Rose no lo soltó en ningún momento, hasta que llegaron a un callejón adyacente y, entonces sí, lo empujó dentro. Enjolras perdió pie, pero mantuvo el equilibrio y se apoyó en una de las paredes, tratando de recuperar el aliento. La garganta le ardía cuando tragó saliva, su cabeza dando vueltas sin control. La angustia le impedía pronunciar palabra.

—Espera aquí.

Enjolras giró el rostro para mirar a Rose, siguiendo su voz, pero ella ya no estaba ahí: acababa de regresar a la calle como una exhalación, probablemente con la esperanza de salvar a alguien más del tiroteo. Porque eso era lo que estaba ocurriendo, ya no había ninguna duda. Aunque Enjolras no entendiera por qué, aunque la confusión del momento le hubiera impedido razonar, el aturdimiento que lo inmovilizaba cedía ahora poco a poco y devolvía cierto orden a sus pensamientos, cierto juicio.

Y una ira que, junto con la angustia, comenzaba a bullir violentamente en su pecho.

Un segundo después, con los brazos todavía temblando, corrió detrás de su amiga.

Más tarde no recordaría lo que había pasado exactamente.
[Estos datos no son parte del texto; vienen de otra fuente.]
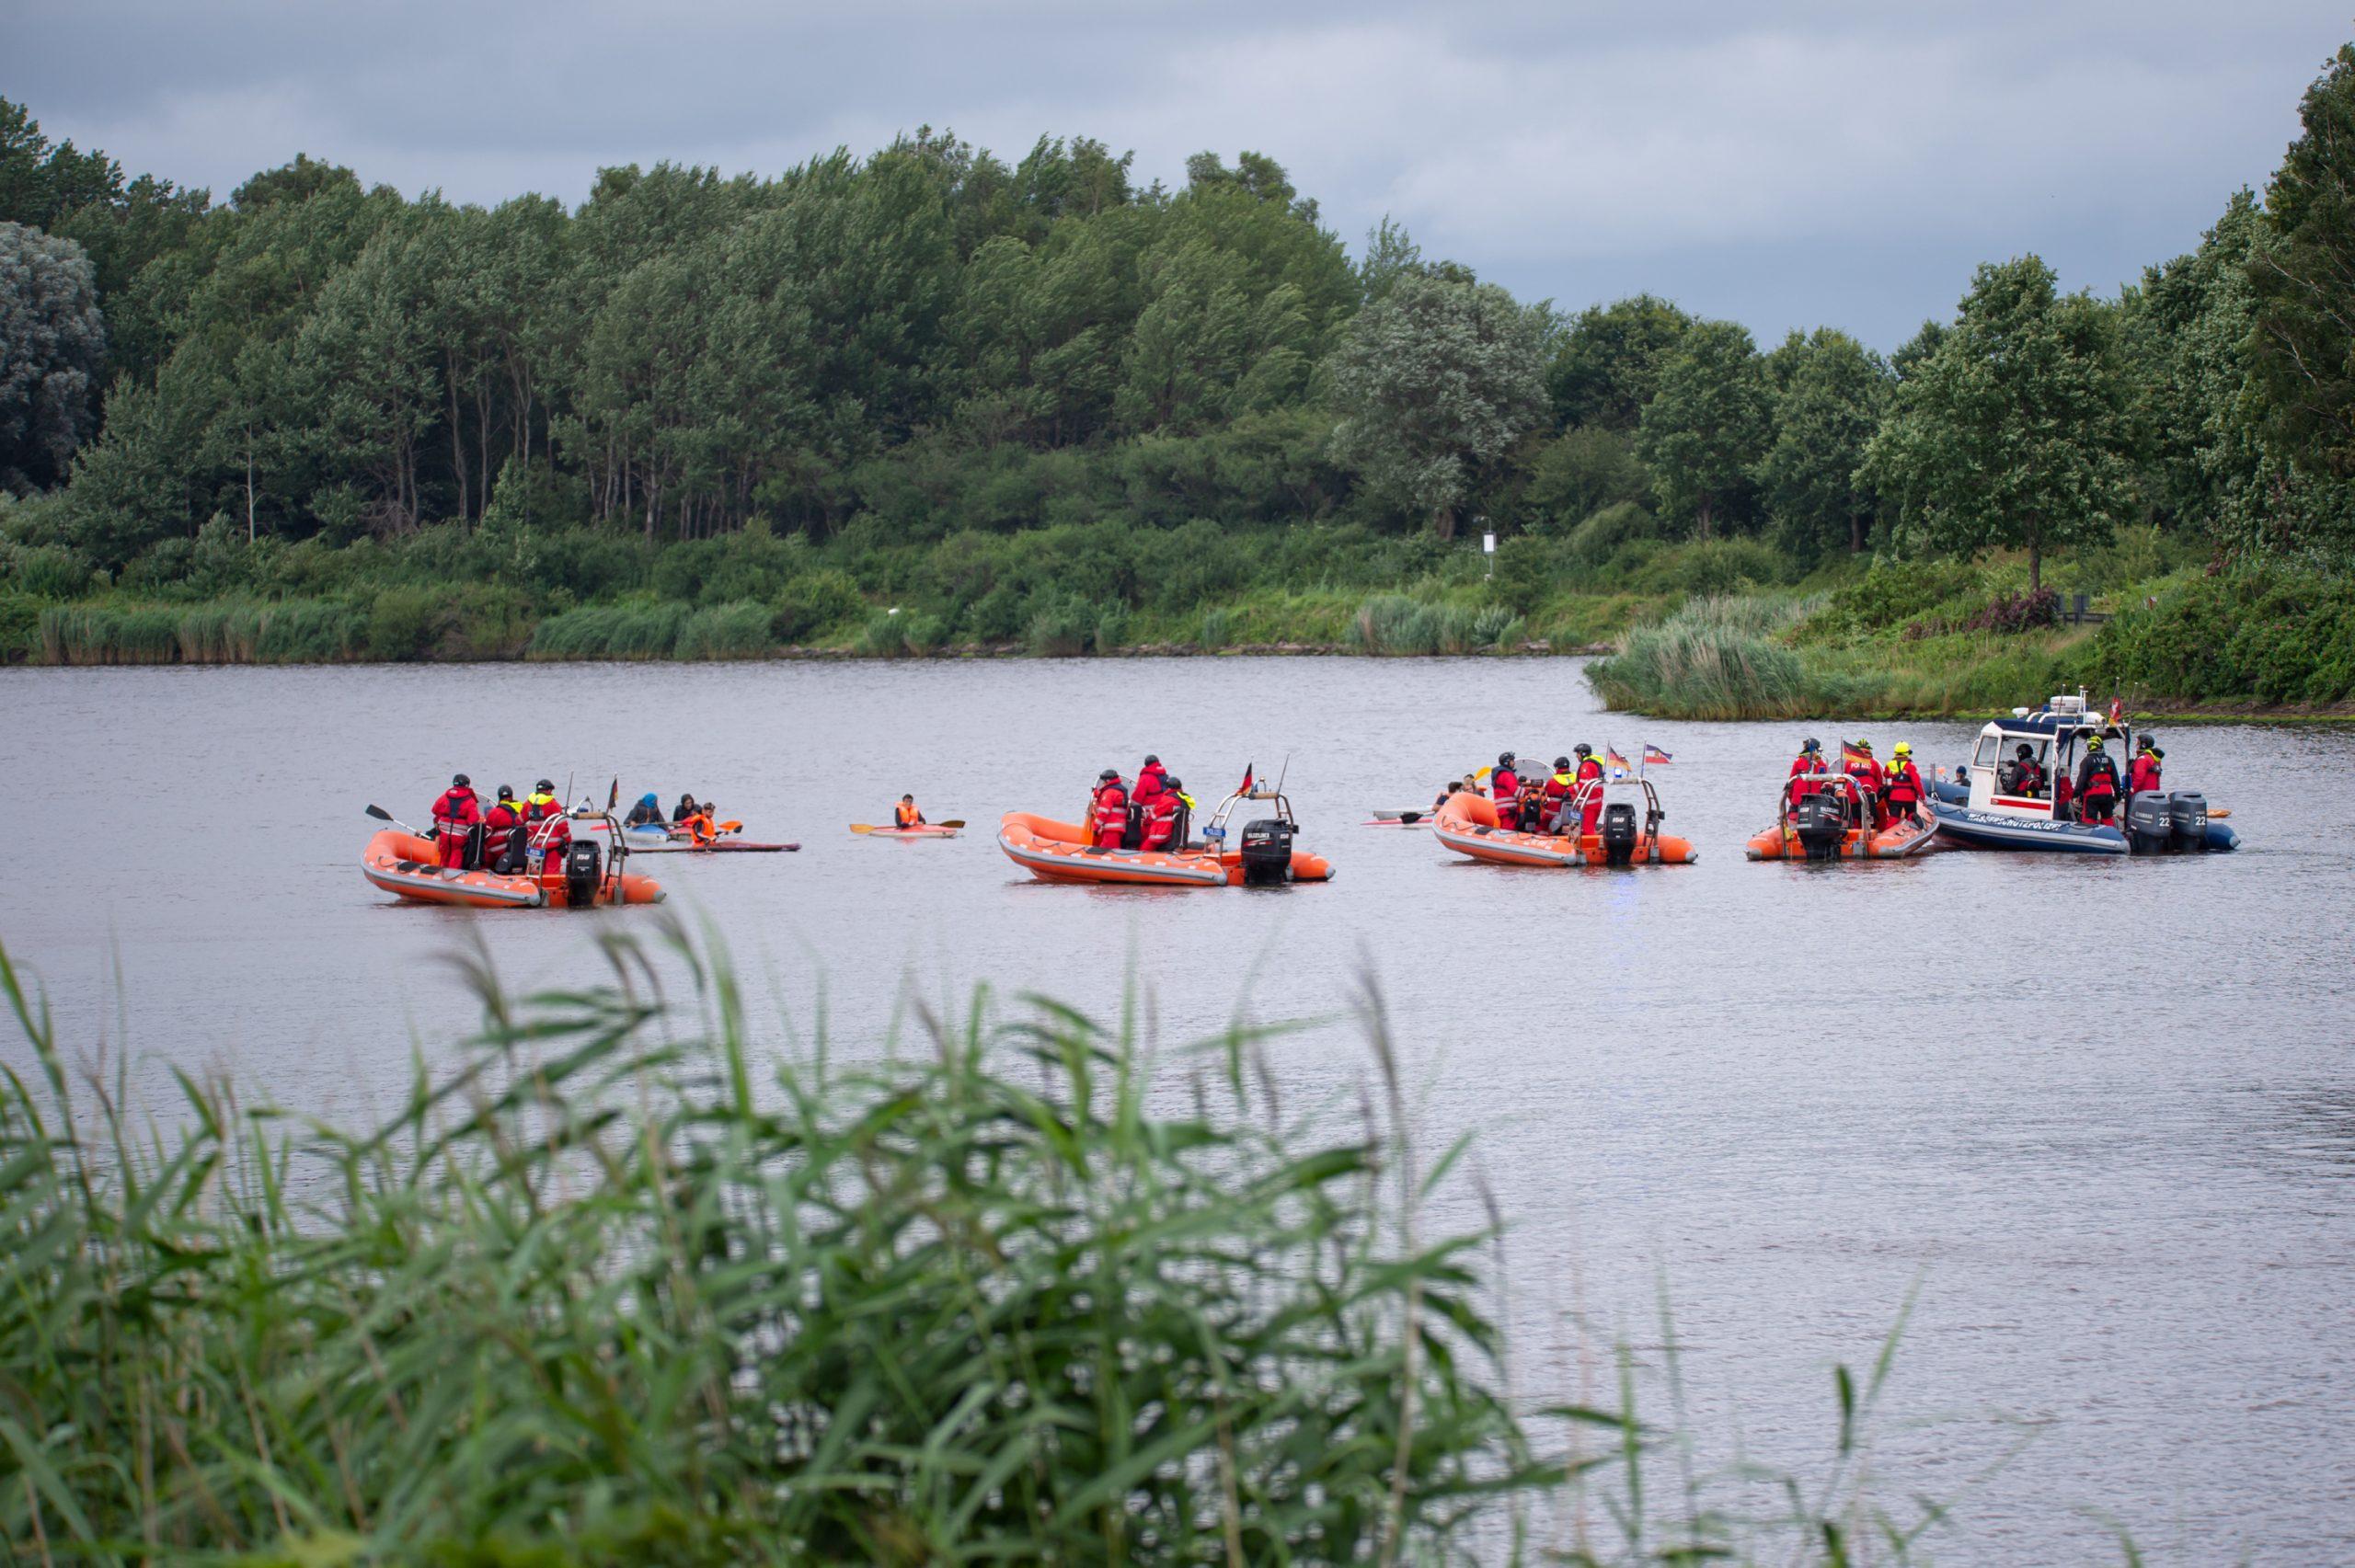 Nord-Ostsee-Kanal bei Protest gegen LNG-Terminal blockiert.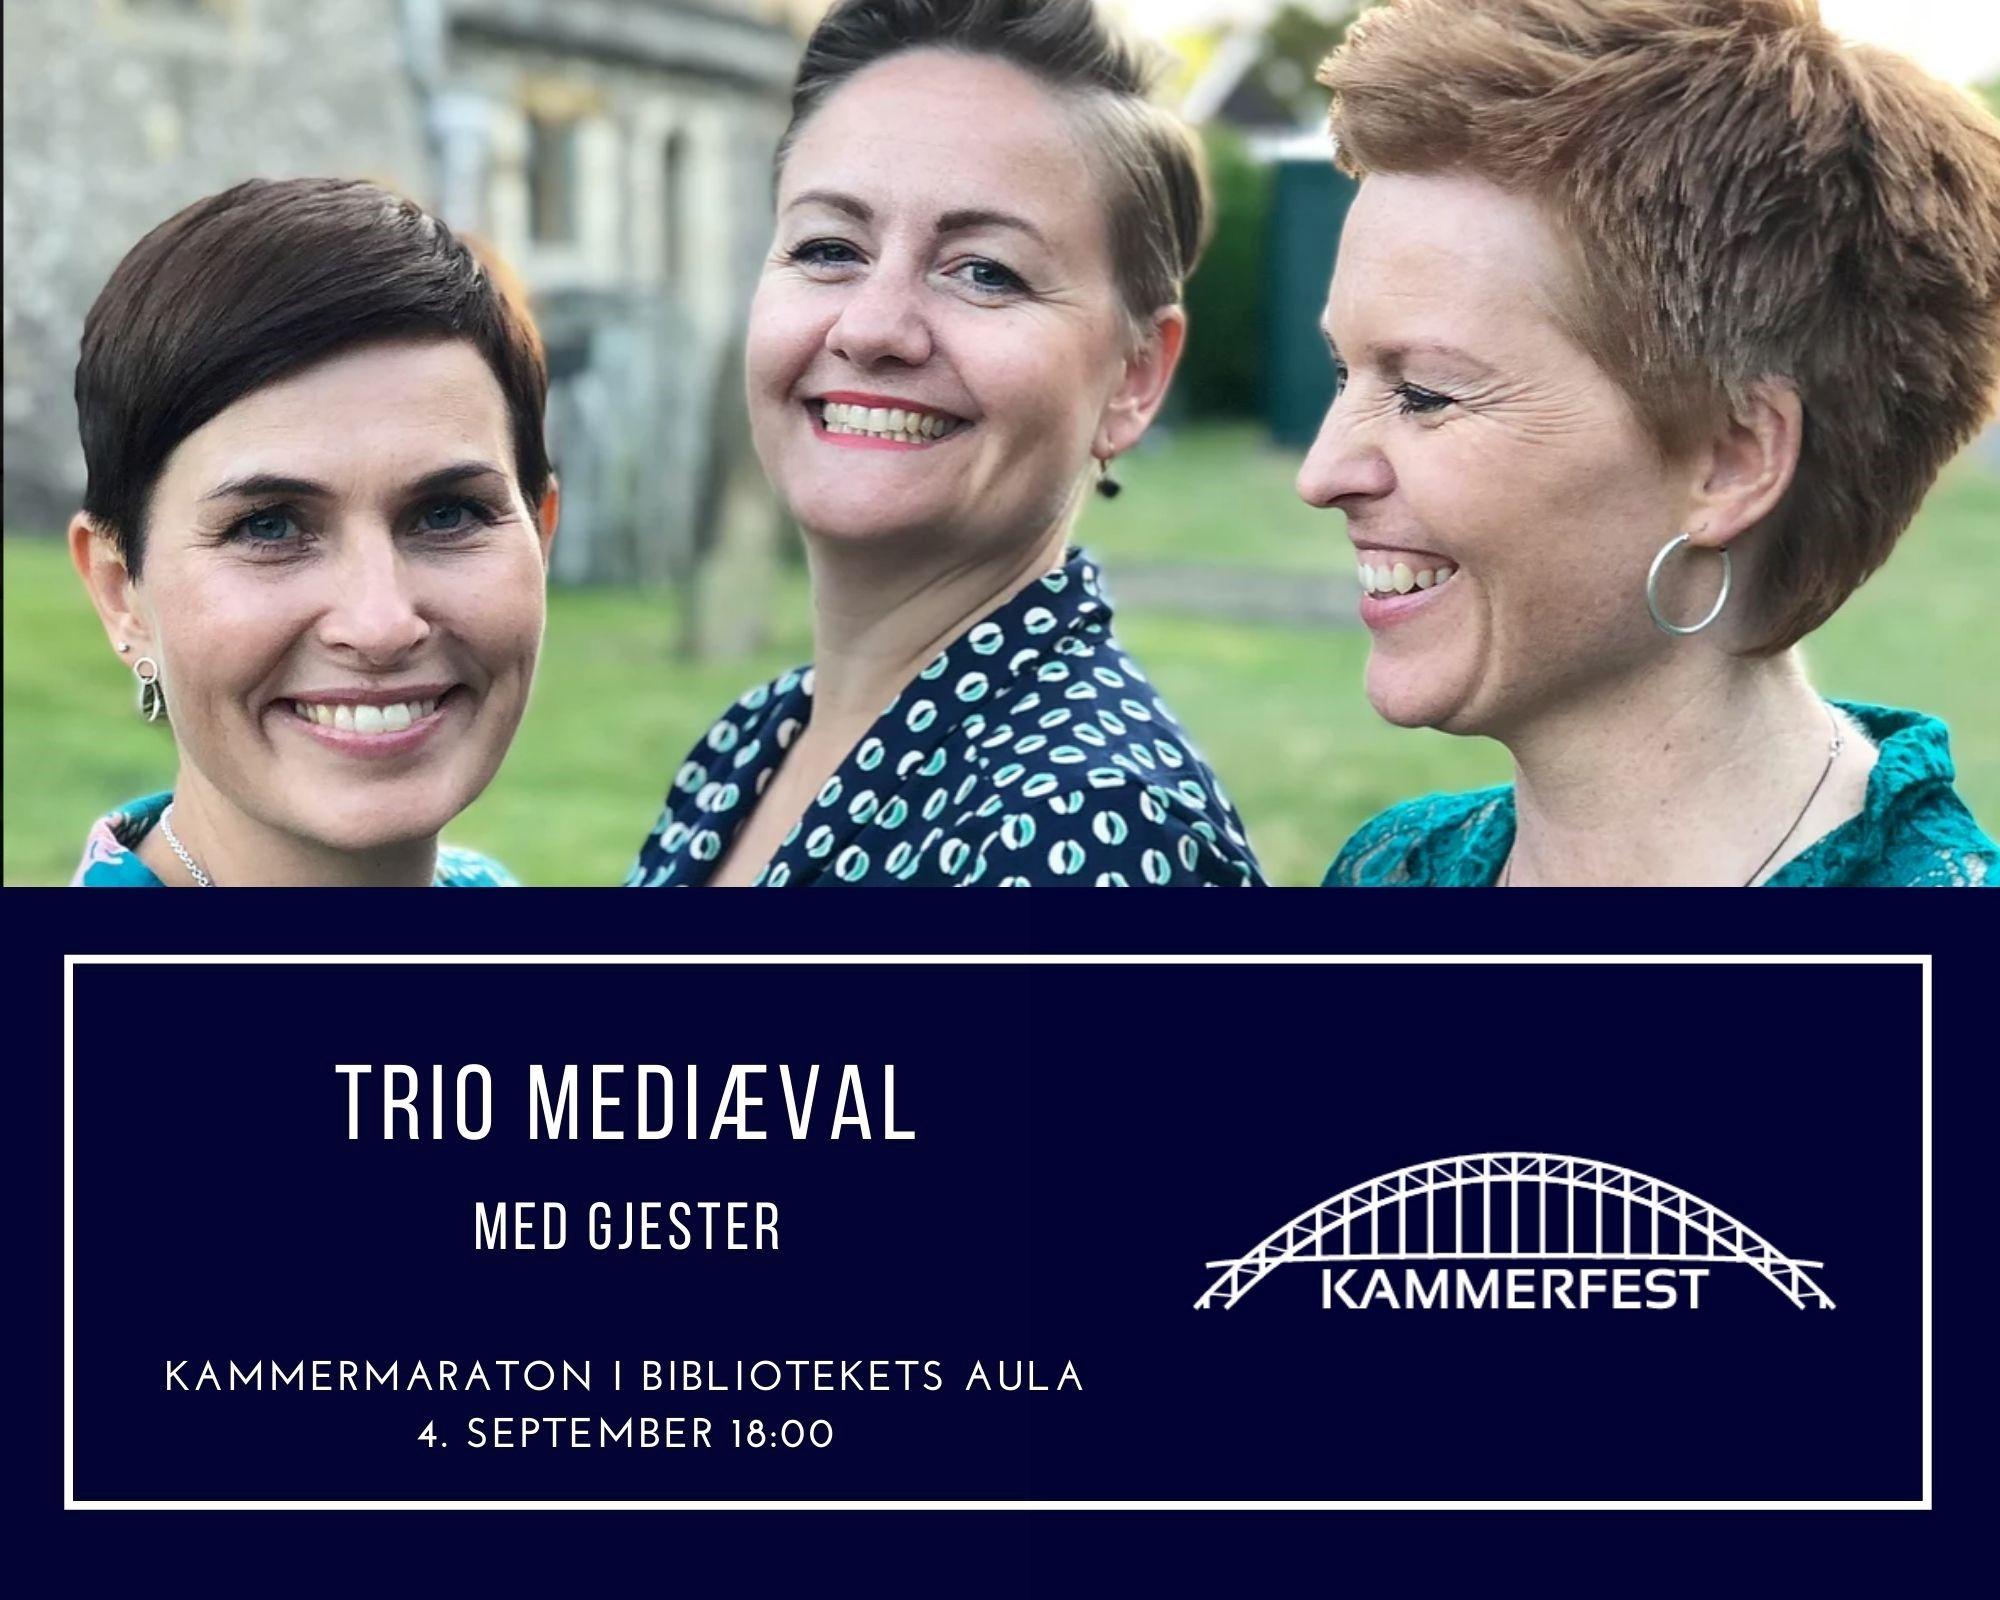 Trio Mediæval med gjester

Cómo había perseguido a Rose de cuerpo en cuerpo por el boulevard y la había ayudado como podía a asistir los que aún respiraban, a sacar de ahí a los que aún se podían mover, a consolar a los que estaban ilesos pero se habían quedado paralizados por el miedo. Solo sabría que, de algún modo, Rose y él habían conseguido auxiliar a varias personas... y que, en el caso de otras, llegaron demasiado tarde: ninguno de los dos pudo pronunciar palabra cuando reconocieron los cuerpos de Jules, Jeanne y otros miembros del Musain entre los cadáveres perforados por las balas.

Rose lo arrastró con ella una segunda vez cuando no pudieron hacer nada más. Ambos bajaron el boulevard y vagaron tambaleantes por las calles adyacentes, tomándose del brazo mientras caminaban sin rumbo junto a otras personas que huían o buscaban a sus seres queridos con ojos tan frenéticos como los suyos.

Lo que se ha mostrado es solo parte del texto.